Causality,Correlation and Risk

Author

Dr.Heiko Frings, Instat GmbH, Bielefeld

Published

April 1, 2024

Causality

Yes, correlation is not causality. Nevertheless, correlation can be an indicator of causality. But what the hell is causality? The answer to this question is anything but trivial.

Unlike correlation, causality naturally has a direction, an arrow from cause to effect. This arrow is an arrow in time. The effect follows the cause. The direction is obviously very important from a practical point of view. This insight is somewhat trivial, but still worth mentioning because it is sometimes overlooked in data analysis. It emphasizes that a pure correlation analysis is not sufficient especially when it come to risk analysis.
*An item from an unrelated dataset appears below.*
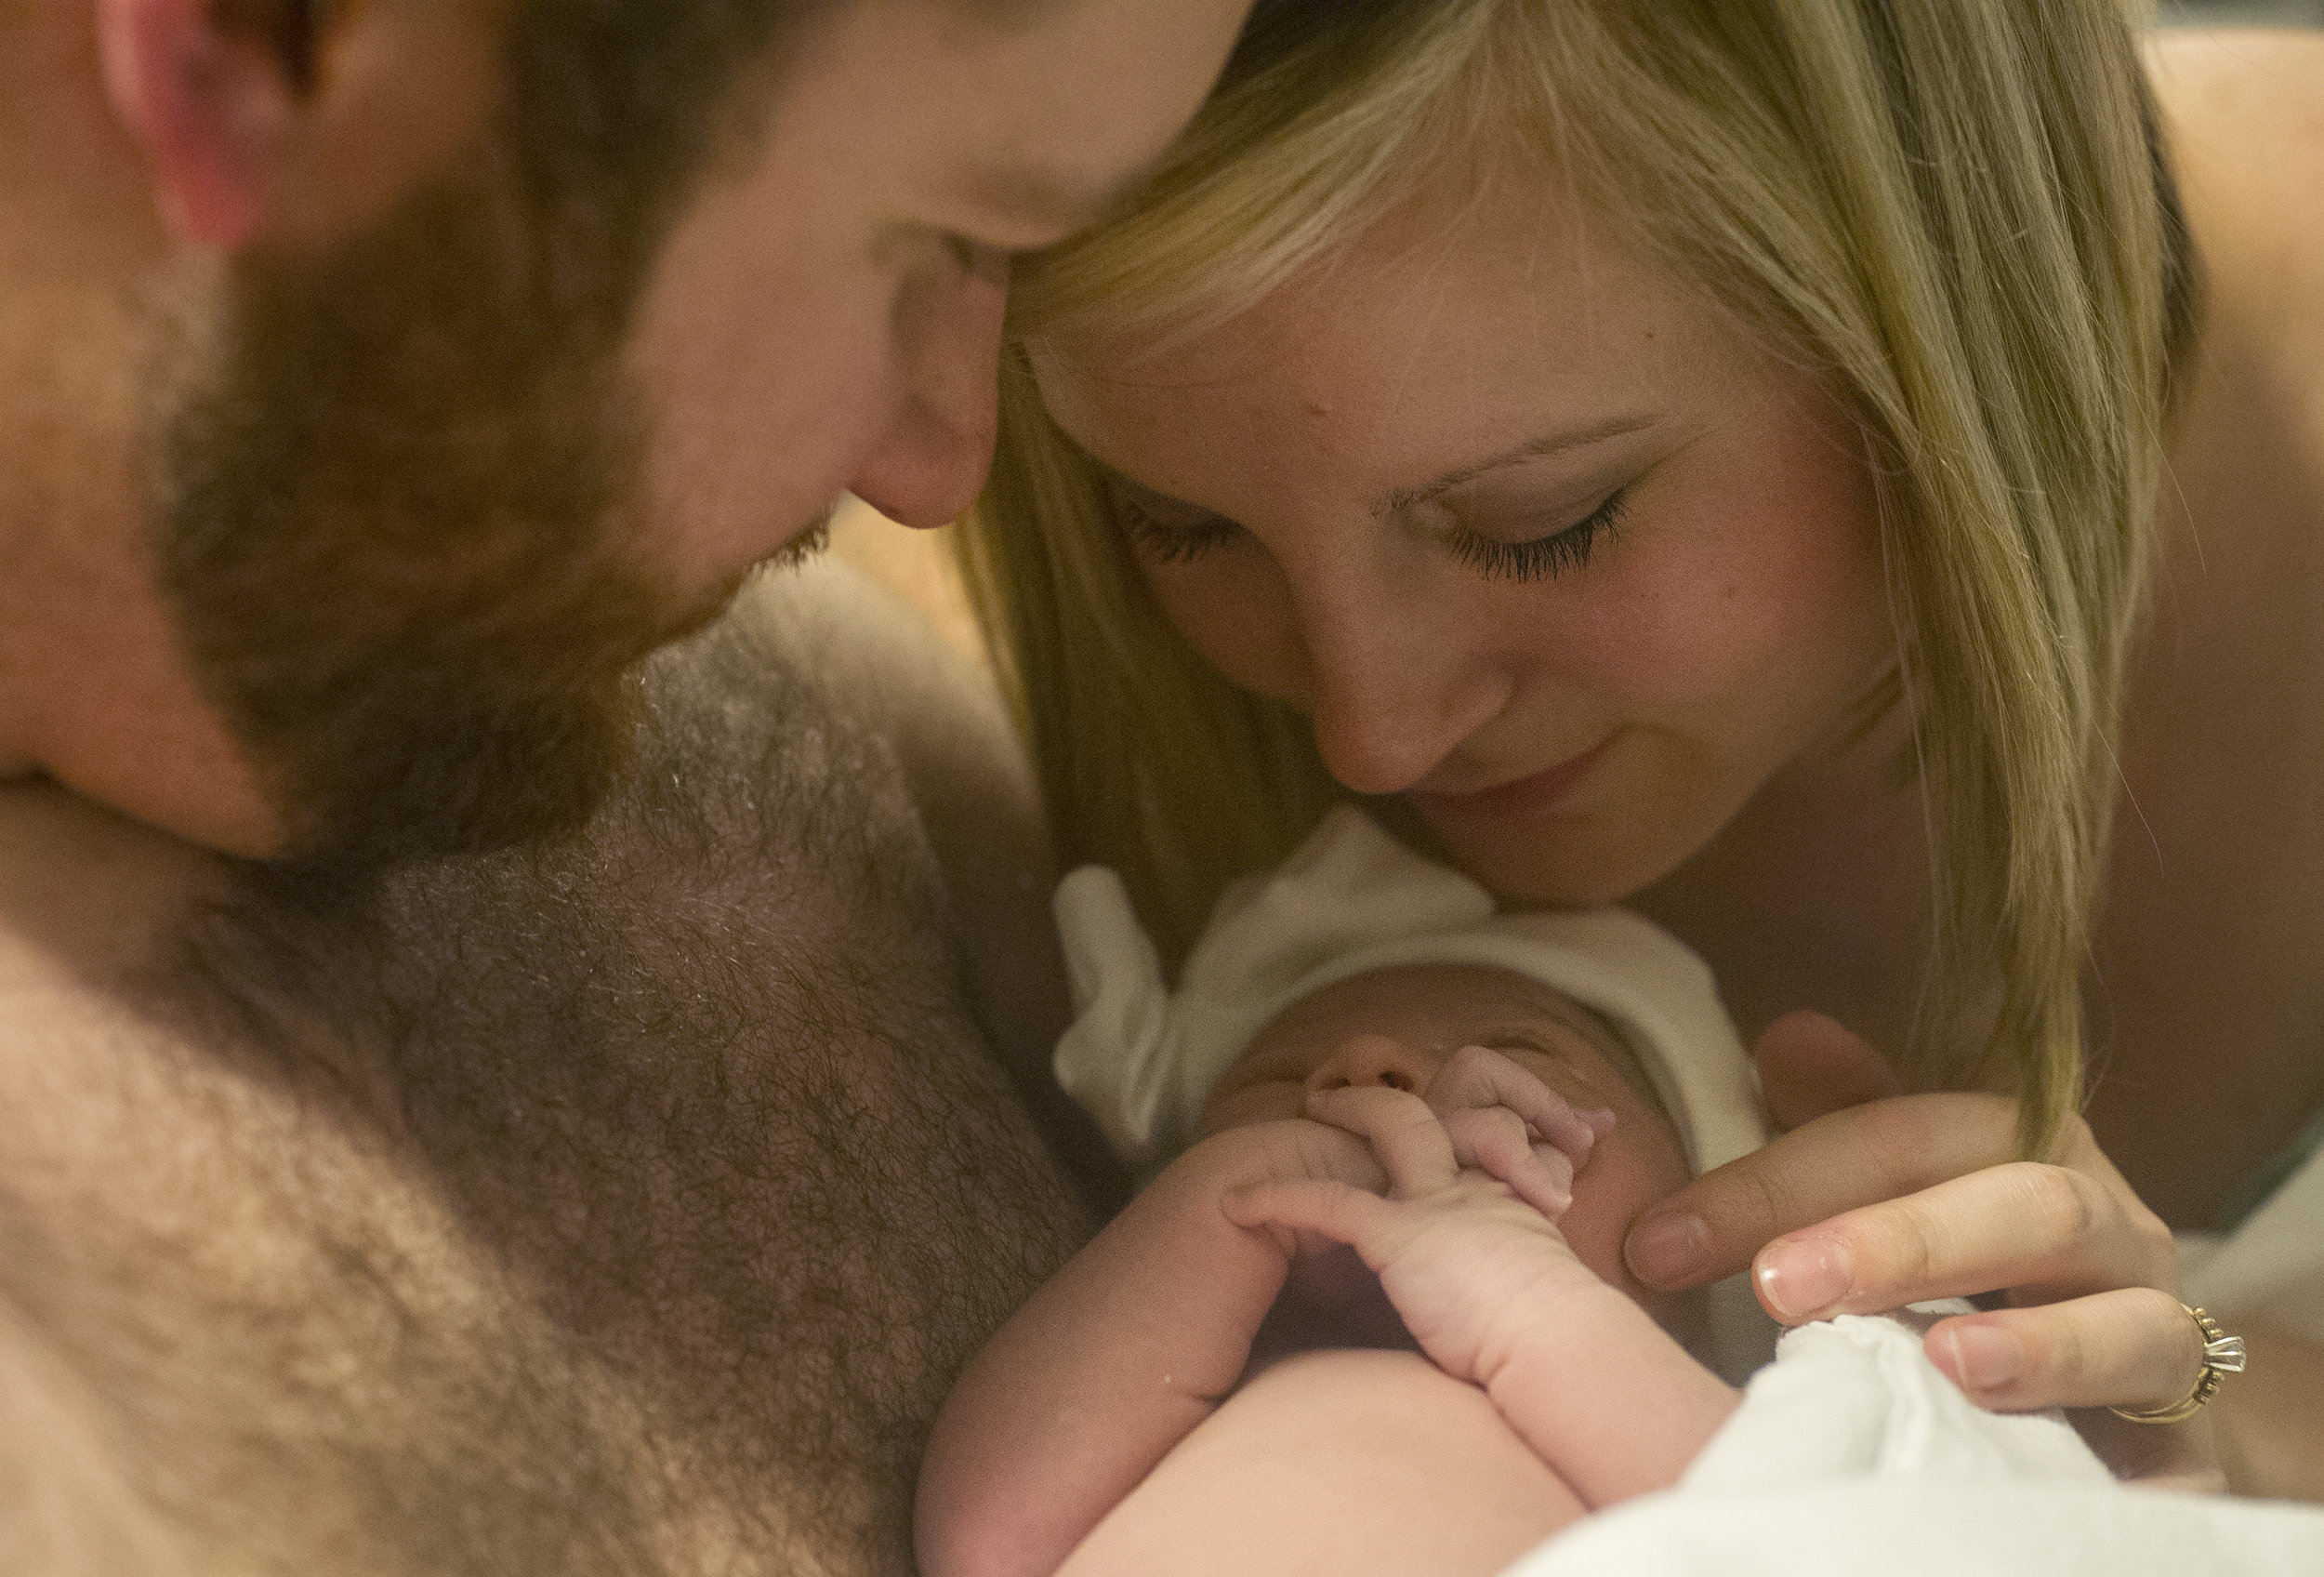  Michael and Erickia hold their daughter skin-to-skin together for the first time after she is born at St. Mary's Medical Center in Evansville Monday Dec. 1, 2014.

One can see a certain irony in the fact that the modern concept of causality initially always connoted determinism, whereas in the more recent past it was predominantly used in conjunction with stochastic analyses.

The philosophical discussion about causality has a long history. Physics as a model of an exact empirical science, has repeatedly raised the problem of causality and stimulated philosophical discussion. Hume’s criticism of induction is certainly an important milestone. According to Kant, causality is “a priori”, i.e. it applies before any experience and makes experience itself possible in the first place. Quantum mechanics finally broke the link between causality and determinism.¹

Even before that, the concept of causality was considered in a probabilistic context especially in connection with thermodynamics (Mach, Boltzmann).²

Michael Stöltzner, Vienna Indeterminism: Mach, Boltzmann, Exner, Synthese Vol. 119, No. 1/2, Ludwig Boltzmann, Troubled Genius as Philosopher (1999), pp. 85-111 (27 pages)

While, on the one hand, the development of physics, notably Newtonian mechanics, strongly influenced the concept of causality and probably also popularized it, leading, for example, to the idea of Laplace’s demon, it must be noted that, on closer inspection, the concept of causality is not a necessary component of Newtonian mechanics. On the contrary: There is no causal order of actio and reactio in Newtons third axiom. One of the most influential critics of the concept of causality was Bertrand Russell:

“In the following paper I wish, first, to maintain that the word cause is so inextricably bound up with misleading associations as to make its complete extrusion from the philosophical vocabulary desirable; secondly, to inquire what principle, if any, is employed in science in place of the supposed law of causality which philosophers imagine to be employed; thirdly, to exhibit certain confusions, especially in regard to teleology and determinism, which appear to me to be connected with erroneous notions as to causality. All philosophers, of every school, imagine that causation is one of the fundamental axioms or postulates of science, yet, oddly enough, in advanced sciences such as gravitational astronomy, the word cause never occurs.”³

Increasingly, the use of the concept of causality in other, less precise sciences was also examined more closely, which also led to a focus on probabilistic aspects.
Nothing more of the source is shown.